Болел и играл весь полутора тысячный посёлок, без детей человек восемьсот. Можно представить банк тотализатора. Парторг экспедиции злой, как чёрт, матерился грубо и громко. На горняков орал как на крепостных, а те обещали сорвать план проходки штольни, если он не утихомирится и охраняли Кузю. Партком провёл три выездных заседания, ни один партиец не признался об участии в этом безобразии. Денюжки-то вот они, с них взносы не платить. Партия уже тогда и среди рядовых продолжала катиться к своему концу.

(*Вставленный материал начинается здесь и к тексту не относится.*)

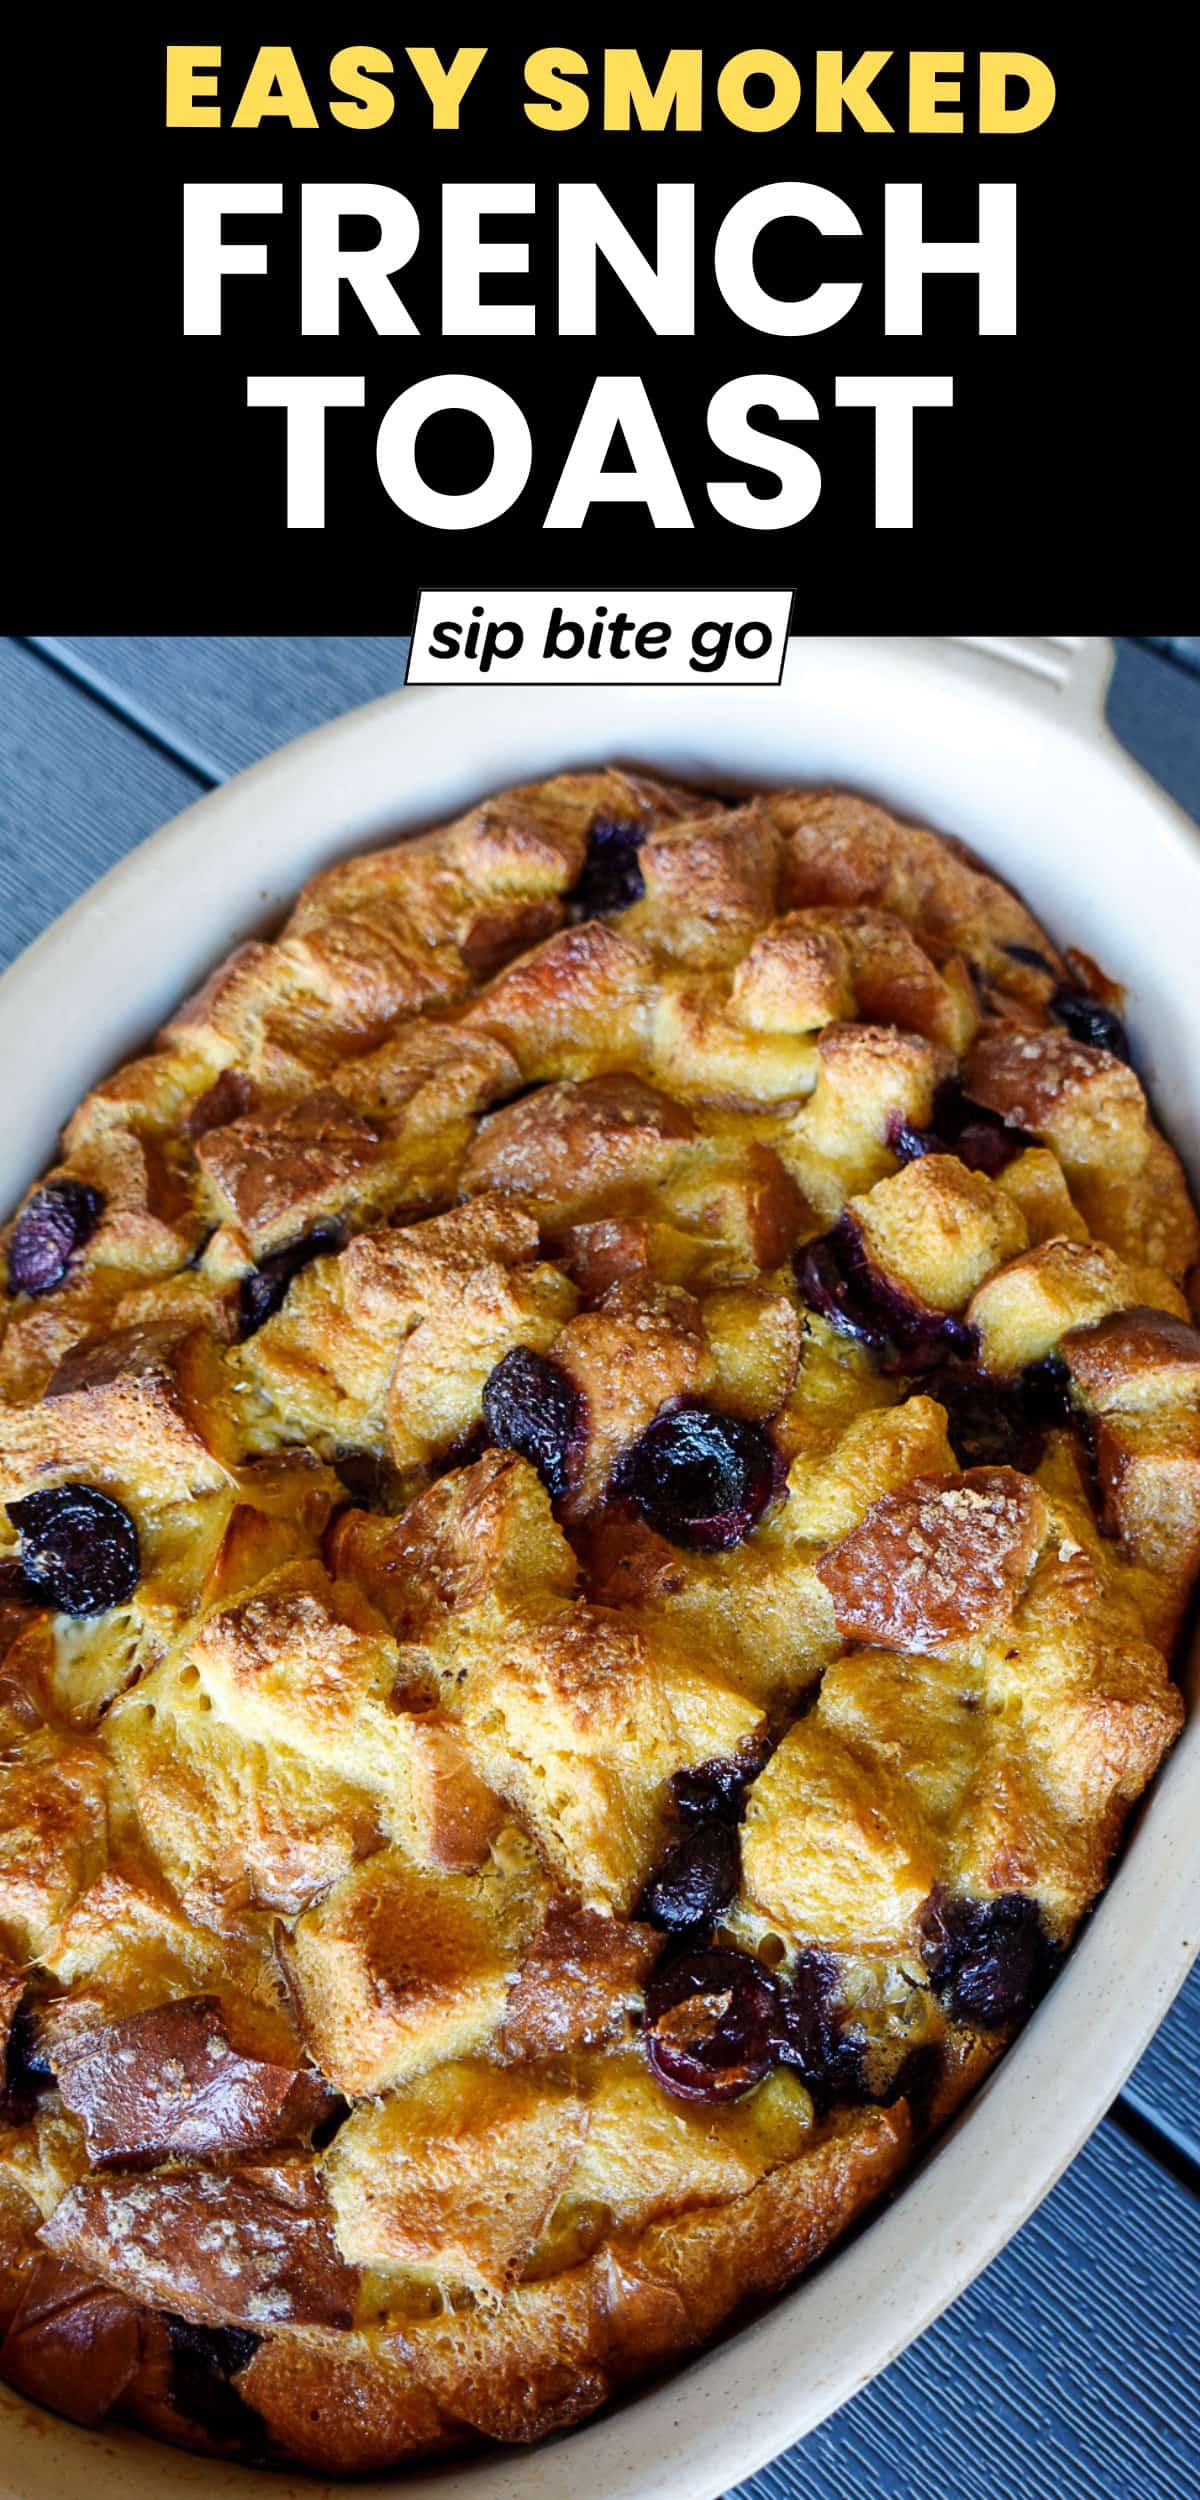 Traeger Smoked French Toast Casserole with Cherries

Кузю выводили в люди, в клубе публично устраивали его кормёжку. Правильнее сказать выносили. С трёх месяцев Кузя на ногах не стоял из-за брюха невероятных размеров, лёжа на котором, он грёб ногами, как тюлень ластами, хвостом не вилял вообще. Условия тотализатора были очень разнообразны. Довольных хватало. После раздачи выигрышей начинался киносеанс. Вот тут часто случался кошмар. Кузя, став существом публичным, темноту не любил, как и отсутствие внимания. Он начинал ползать в ногах зрителей, те его, естественно, отпихивали. Стоило просто чуть прикоснуться к нему, начинался визг. Боже, как он визжал. Это было верхнее "до" на трубе, говорят самый сложный пассаж для трубачей, не всякий может. Кузю выкидывали в фойе клуба под надзор дружинников, киноленту отматывали назад до момента начала визга, второй сеанс начинался позже положенного, но никто этому не возмущался. Только визг героя посёлка, обжоры-рекордсмена, раздражал зрителей. Ходил слух, что однажды парторг в темноте особо тщательно пнул Кузю так, что тот заткнулся, улетел от пинка на сцену и там, где-то в реквизите зарылся, его долго искали. В отместку какой-то горняк закричал: "Ставлю тысячу, что за полчаса не найдёте!". Парторг под яростный шепоток зала покинул клуб.
Взвешивали Кузю, так же публично, после опорожнения кишечника, устанавливая чистый вес. Поносов у Кузи не было никогда. К году Кузя весил семьдесят килограмм. После забоя шкуру продали на закрытом аукционе, мясо Головко заморозил в запас, а сколько собрали нутряного жира, не знал никто. Через полгода пухлые детишки Головко сияли здоровым румянцем и он повёз их к Азовскому морю отдыхать и показывать родне. Там держали в секрете, чем кормили детей, которым вообще не объясняли, что они полгода ели. Мало ли что.
Да, были люди в своё время. Такое большое их количество возилось вокруг Кузи. А попросил Головко и все молчали, на своих ребятишек и то цыкали, если у тех не держалось. Между собой конечно трёп шёл, но маленьких "головчат" это не касалось.